Neural network pruning can be formulated as a combinatorial optimization problem, yet most existing approaches rely on greedy heuristics that ignore complex interactions between filters. Formal optimization methods such as Quadratic Unconstrained Binary Optimization (QUBO) provide a principled alternative but have so far underperformed due to oversimplified objective formulations based on metrics like the L1-norm. In this work, we propose a unified Hybrid QUBO framework that bridges heuristic importance estimation with global combinatorial optimization. Our formulation integrates gradient-aware sensitivity metrics - specifically first-order Taylor and second-order Fisher information - into the linear term, while utilizing data-driven activation similarity in the quadratic term. This allows the QUBO objective to jointly capture individual filter relevance and inter-filter functional redundancy. We further introduce a dynamic capacity-driven search to strictly enforce target sparsity without distorting the optimization landscape. Finally, we employ a two-stage pipeline featuring a Tensor-Train (TT) Refinement stage - a gradient-free optimizer that fine-tunes the QUBO-derived solution directly against the true evaluation metric. Experiments on the SIDD image denoising dataset demonstrate that the proposed Hybrid QUBO significantly outperforms both greedy Taylor pruning and traditional L1-based QUBO, with TT Refinement providing further consistent gains at appropriate combinatorial scales. This highlights the potential of hybrid combinatorial formulations for robust, scalable, and interpretable neural network compression.

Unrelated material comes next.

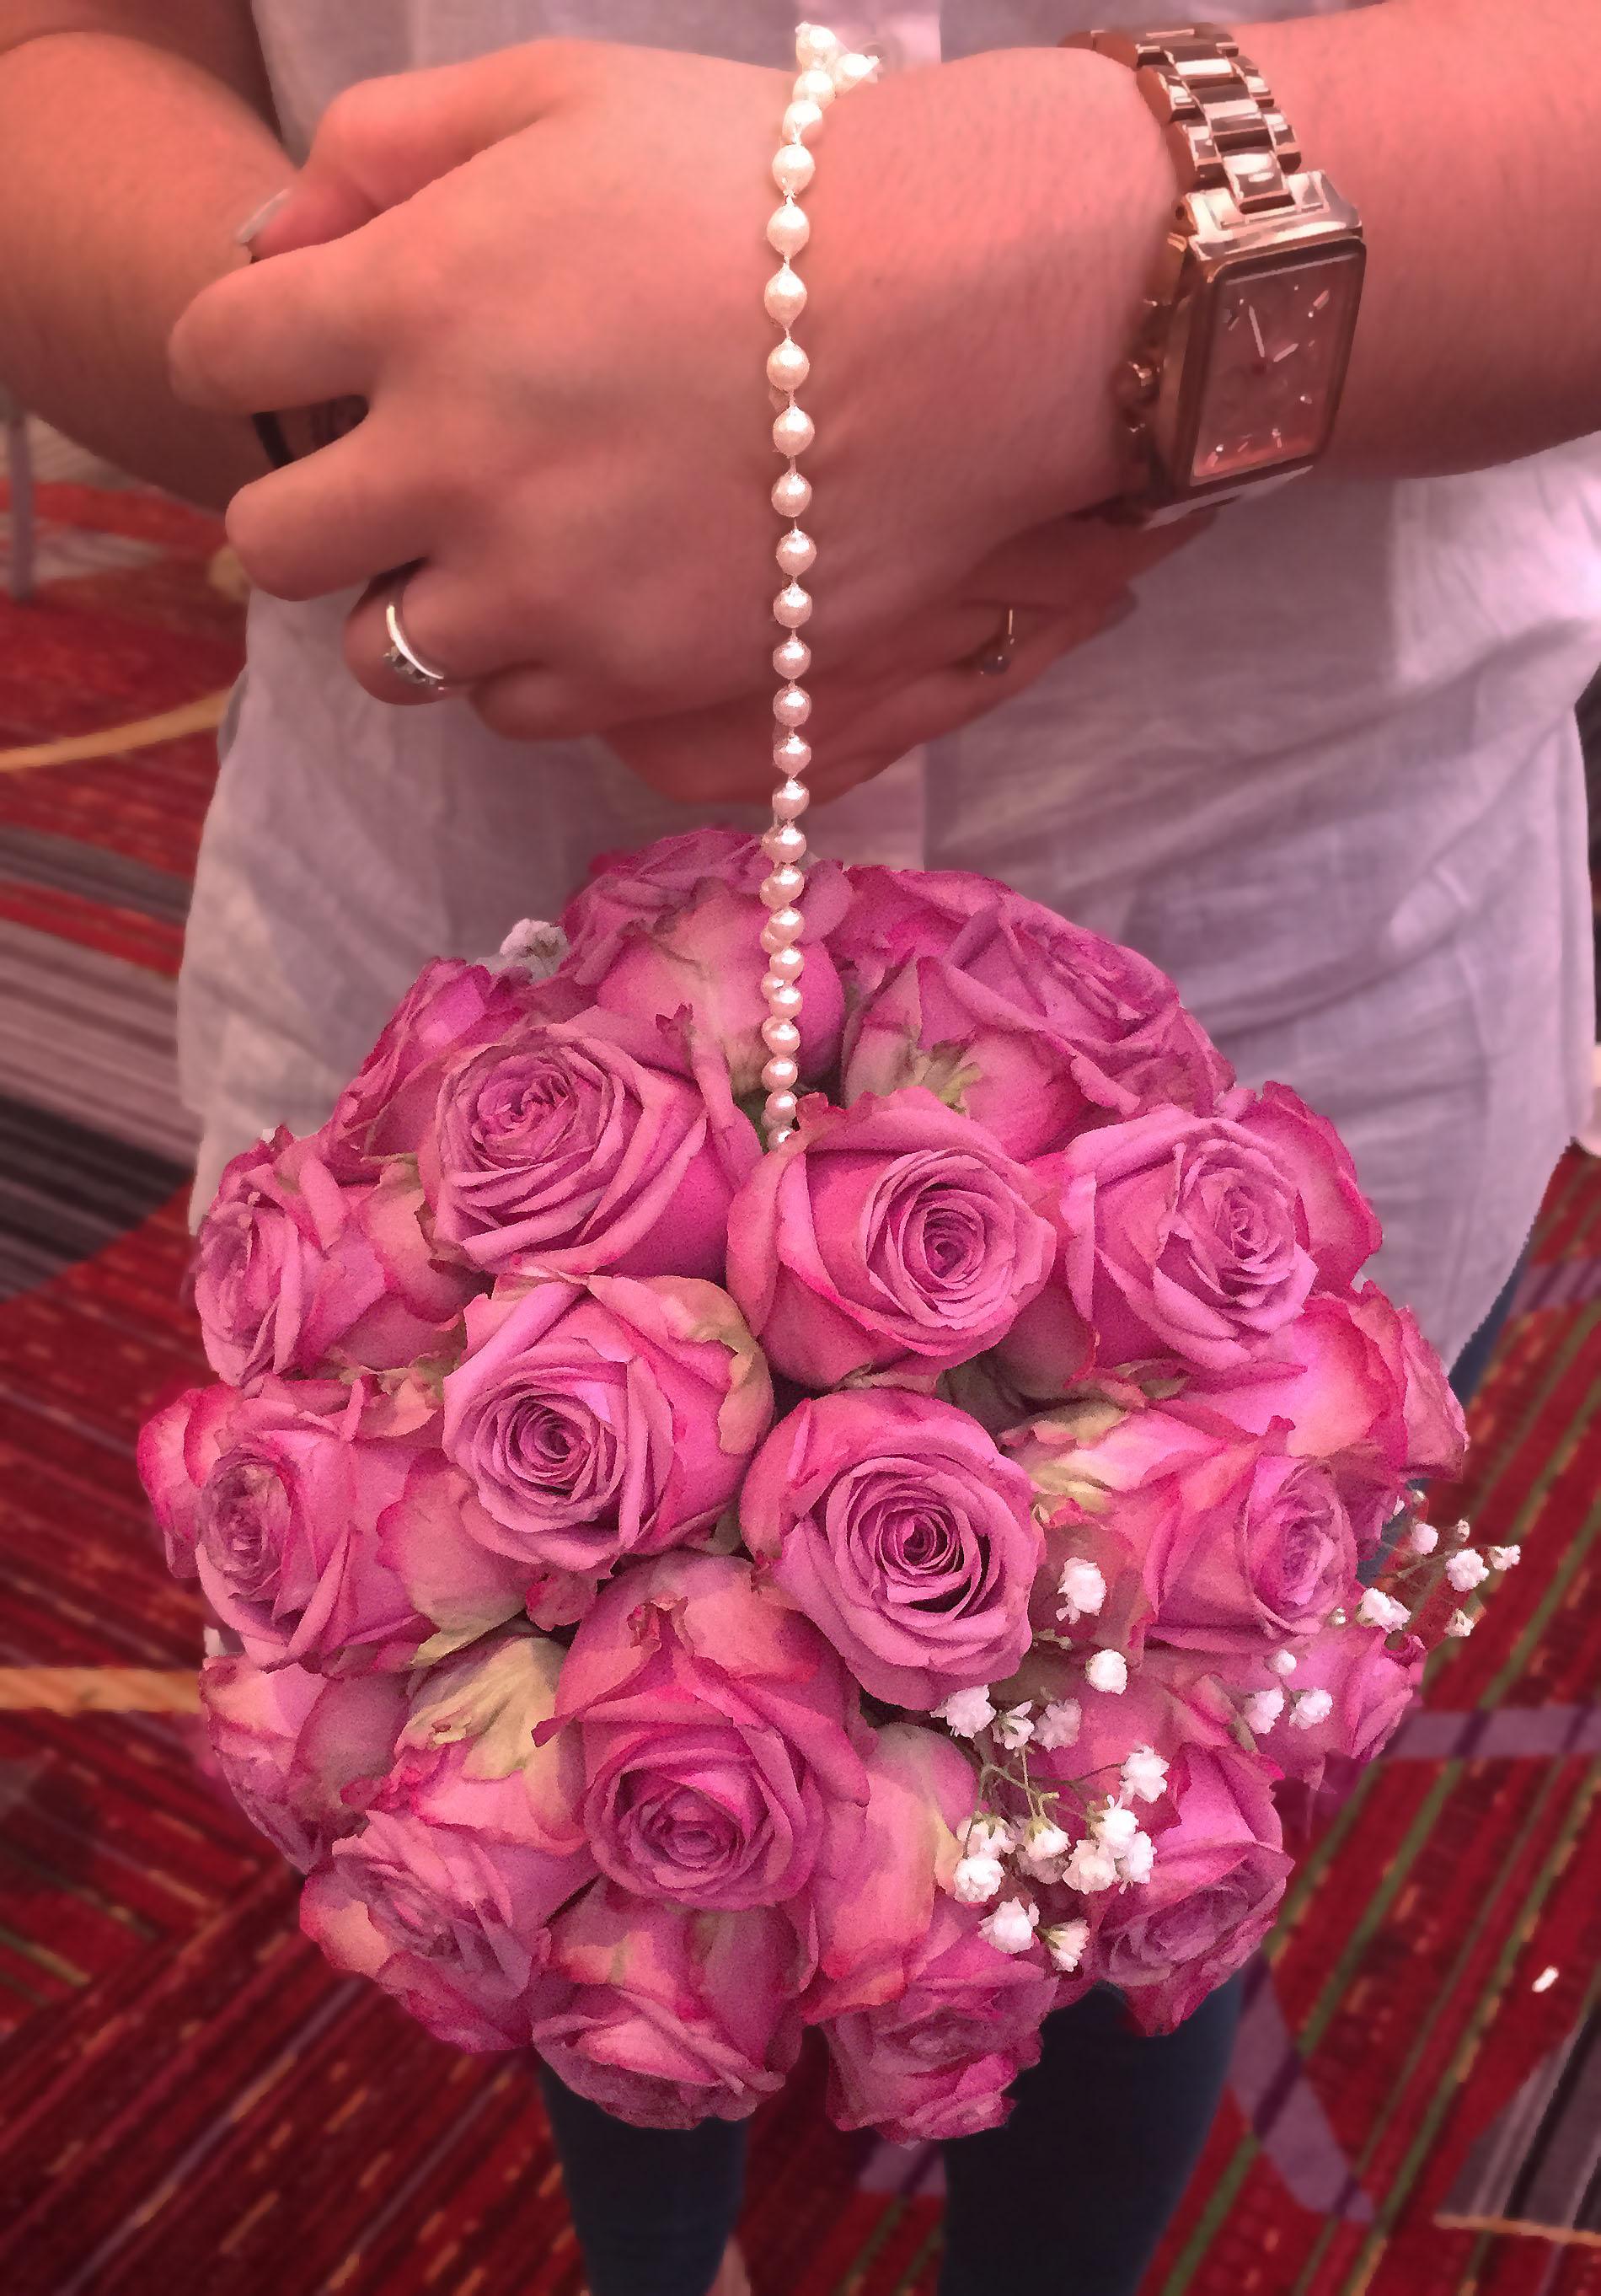 Evelisa Floral & Design: Pomander Bouquet

翻译：神经网络剪枝可被形式化为组合优化问题，但现有方法大多依赖忽略滤波器间复杂交互的贪婪启发式算法。二次无约束二元优化（QUBO）等正式优化方法提供了原则性替代方案，但由于采用基于L1范数等指标的过度简化目标函数，其表现迄今欠佳。本文提出统一的混合QUBO框架，将启发式重要性估计与全局组合优化相衔接。该框架在线性项中整合了梯度感知灵敏度指标（具体为一阶泰勒展开与二阶Fisher信息），同时在二次项中引入数据驱动的激活相似性，使QUBO目标能同时捕捉单个滤波器重要性与滤波器间功能冗余。我们进一步引入动态容量驱动搜索机制，在不扭曲优化景观的前提下严格实现目标稀疏度。最终采用包含张量列（TT）精炼阶段的两阶段流水线——该梯度无关优化器可直接依据真实评估指标微调QUBO求解结果。在SIDD图像去噪数据集上的实验表明，所提出的混合QUBO方法显著优于贪婪泰勒剪枝与传统L1基QUBO方法，而TT精炼方法在适当组合尺度下能提供持续增益。这彰显了混合组合公式在实现稳健、可扩展且可解释的神经网络压缩中的潜力。